Magistrate Baraitser looked at Fitzgerald and
stated, in a voice laced with disdain, that he had
raised such matters before and she had always
replied that she had no jurisdiction over the prison
estate. He should take it up with the prison
authorities. Fitzgerald remained on his feet, which
drew a very definite scowl from Baraitser, and
replied that of course they would do that again, but
this repeated behaviour by the prison authorities
threatened the ability of the defence to prepare. He
added that regardless of jurisdiction, in his
experience it was common practice for magistrates
and judges to pass on comments and requests to the
prison service where the conduct of the trial was
affected, and that jails normally listened to
magistrates sympathetically.
Baraitser flat-out denied any knowledge of such a
practice, and stated that Fitzgerald should present
her with written arguments setting out the case law
on jurisdiction over prison conditions.

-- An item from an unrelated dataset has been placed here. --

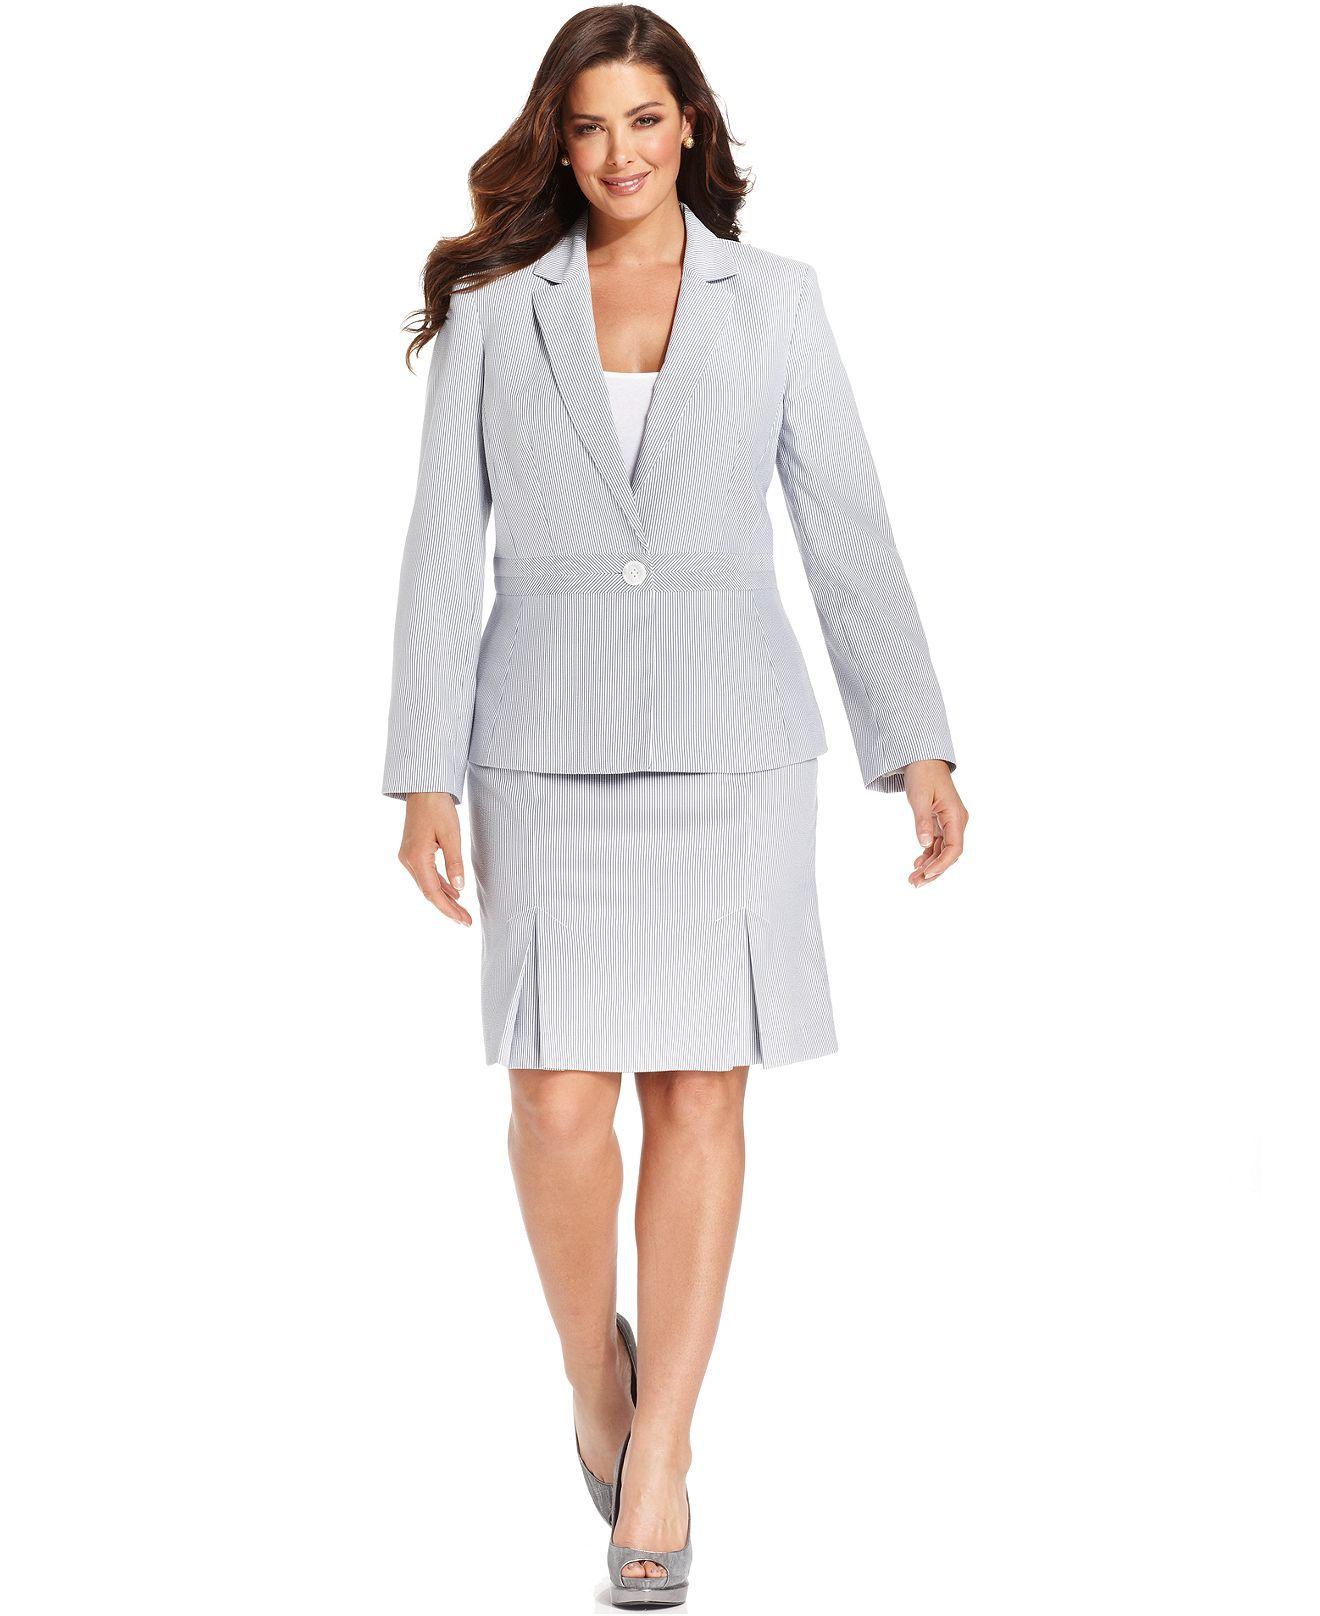 1a7e167c2ed Le Suit Plus Size Seersucker Blazer   Pleated-Hem Skirt - Plus Size Suits    Separates - Plus Sizes - Macys

This was too
much even for prosecution counsel James Lewis, who
stood up to say the prosecution would also want
Assange to have a fair hearing, and that he could
confirm that what the defence were suggesting was
normal practice. Even then, Baraitser still refused
to intervene with the prison. She stated that if the
prison conditions were so bad as to reach the very
high bar of making a fair hearing impossible, the
defence should bring a motion to dismiss the charges
on those grounds. Otherwise they should drop it.